A child trust fund (CTF) is a long-term savings or investment account for children in the United Kingdom. New accounts can no longer be created as of 2011, but existing accounts can receive new money: the accounts were replaced by Junior ISAs.

The UK Government introduced the Child Trust Fund with the aim of ensuring that every child has savings by their eighteenth birthday, helping children get into the habit of saving; whilst teaching them the benefits of saving and helping them understand personal finance. The Child Trust Fund scheme was promised in the Labour Party's 2001 general election manifesto and launched in January 2005, with children born on or after 1 September 2002 eligible.

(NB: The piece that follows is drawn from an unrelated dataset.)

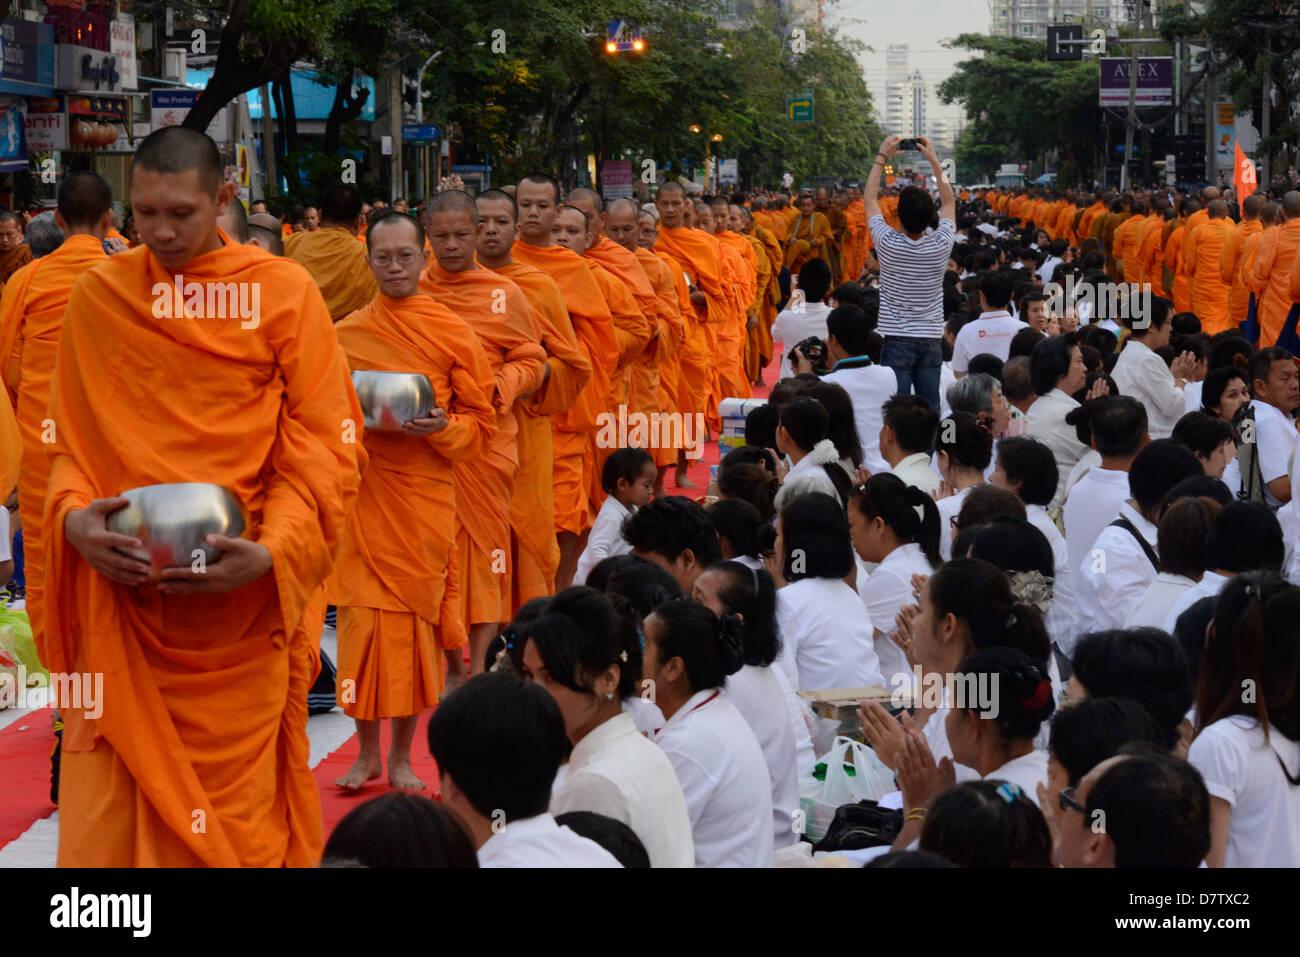 2555 Mönche versammeln sich in Soi 55, Sukhumvit Road, das Ende des buddhistischen Jahr 2555, Bangkok, Thailand, Stockbild

Eligible children received an initial subscription from the government in the form of a voucher for at least £250. In 2010/11, the Child Trust Fund policy was expected to cost around £520m, less than 0.5% of the £84bn UK education budget. Because the scheme allows for family and friends to top up trust funds, it has given a substantial boost to savings rates, particularly among the poor. According to the Children's Mutual, "In terms of changing people's behaviour, this is the most successful product there's ever been." For households with income of £19,000 a year, 30% of the children in that category are having £19 a month saved for them. Part of this is due to grandparents being more willing to contribute to funds, since the money cannot be diverted to the family finances. Creation of new funds and government payments into them were scrapped in January 2011 by the Savings Accounts and Health in Pregnancy Grant Act 2010.

==Background==
Asset-based egalitarianism traces its roots to Thomas Paine, who proposed that every 21-year-old man and woman receive £15, financed from inheritance tax. In 1989, LSE professor Julian Le Grand proposed a similar idea, calling it a "poll grant". Subsequently the related concept of Individual Development Accounts was developed in the United States by Michael Sherraden. This approach - termed "asset-based welfare" by Sherraden - saw asset redistribution less as an egalitarian measure than as one which supported poverty reduction by encouraging saving. Sherraden argued that owning an asset led to people changing their way of thinking, being more likely to plan and invest in their future - in a way that providing people with an equivalent flow of income does not. The idea of a universal account for all children first appears in Sherraden's Assets and the Poor (1991).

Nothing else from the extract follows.